On Friday, 12 August 2011 14:51:36 Antonio Cuni wrote:
Hello David,
On 10/08/11 21:27, David Naylor wrote:
Hi,
I needed to create a cache of date and time objects and I wondered what was the best way to handle the cache. For comparison I put together
the following test: [cut]
Pypy displays significant slowdown in the defaultdict function, otherwise displays its usual speedup. To check what is the cause I replaced i.date() with i.day and found no major difference in times. It appears dict.setdefault (or it's interaction with jit) is causing a slow down.
I don't think that setdefault is the culprit here, as shown by this benchmark:
I made a mistake in the script, I intended to use the day number as the key (as was in the case of the other tests). Changing the critical line to "b.append(cache.setdefault(i.day, i.date()))" gives comparable results to python (factoring in the speed up). <snip/>
as you can see, in PyPy there is almost no difference between using a try/except or using setdefault.
I would argue that with an expensive value operation the try/except will be much faster than setdefault (where cache hits are above 0).

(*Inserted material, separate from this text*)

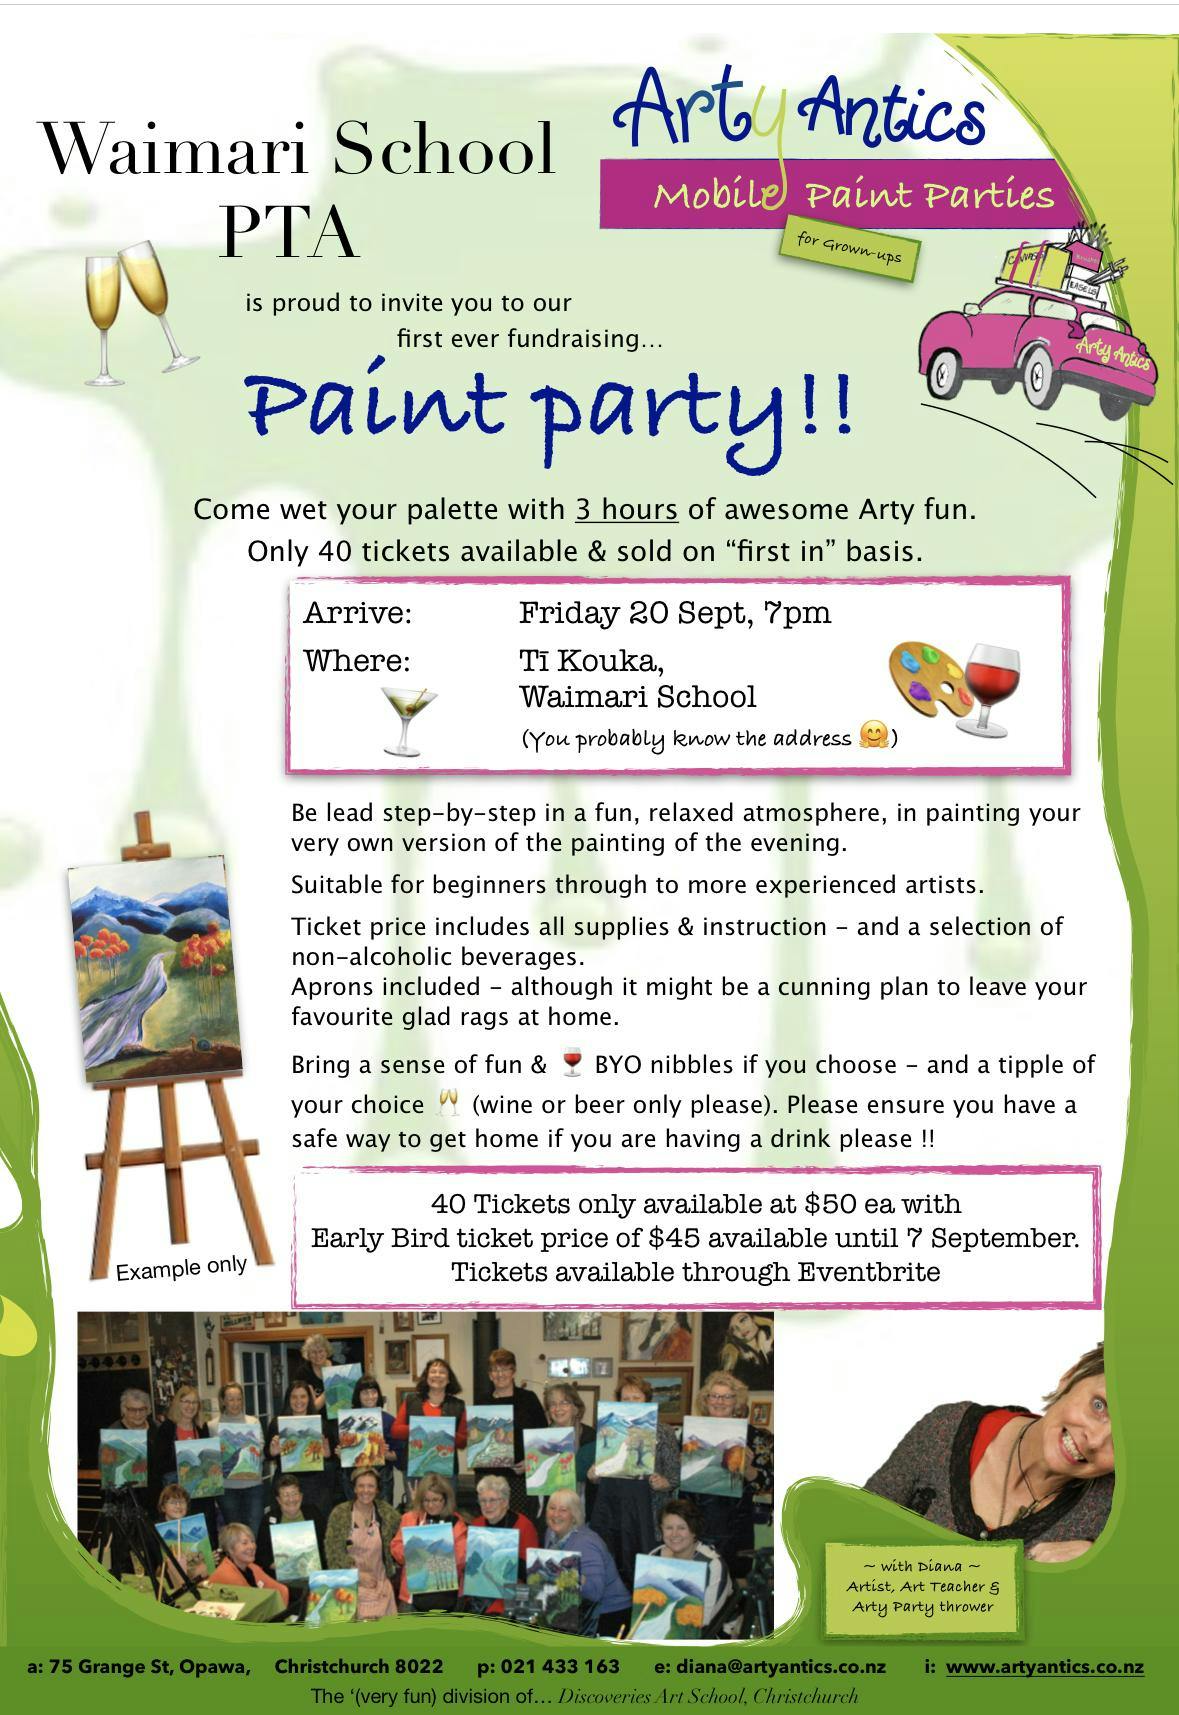 Waimairi School Arty Antics Paint Party

Using my fixed script I get: keydict: [0.3298788070678711, 0.28450703620910645, 0.28931379318237305] defaultdict: [0.47180604934692383, 0.4183311462402344, 0.4172670841217041] indicating setdefault is about 40% slower (1.4 times slower), which I attribute to the cost of i.date().
I had a quick look at the code (which in PyPy is written at applevel) and it does a lot of nonsense. In particular, __hash__ calls __getstate which formats a dynamically created string, just to call hash() on it. I suppose that this code can (and should) be optimized a lot. I may try to look at it but it's unclear when, since I'm about to go on vacation.
Would it not be a simple matter of changing the __(get|set)state method to use a tuple or even an int(long)?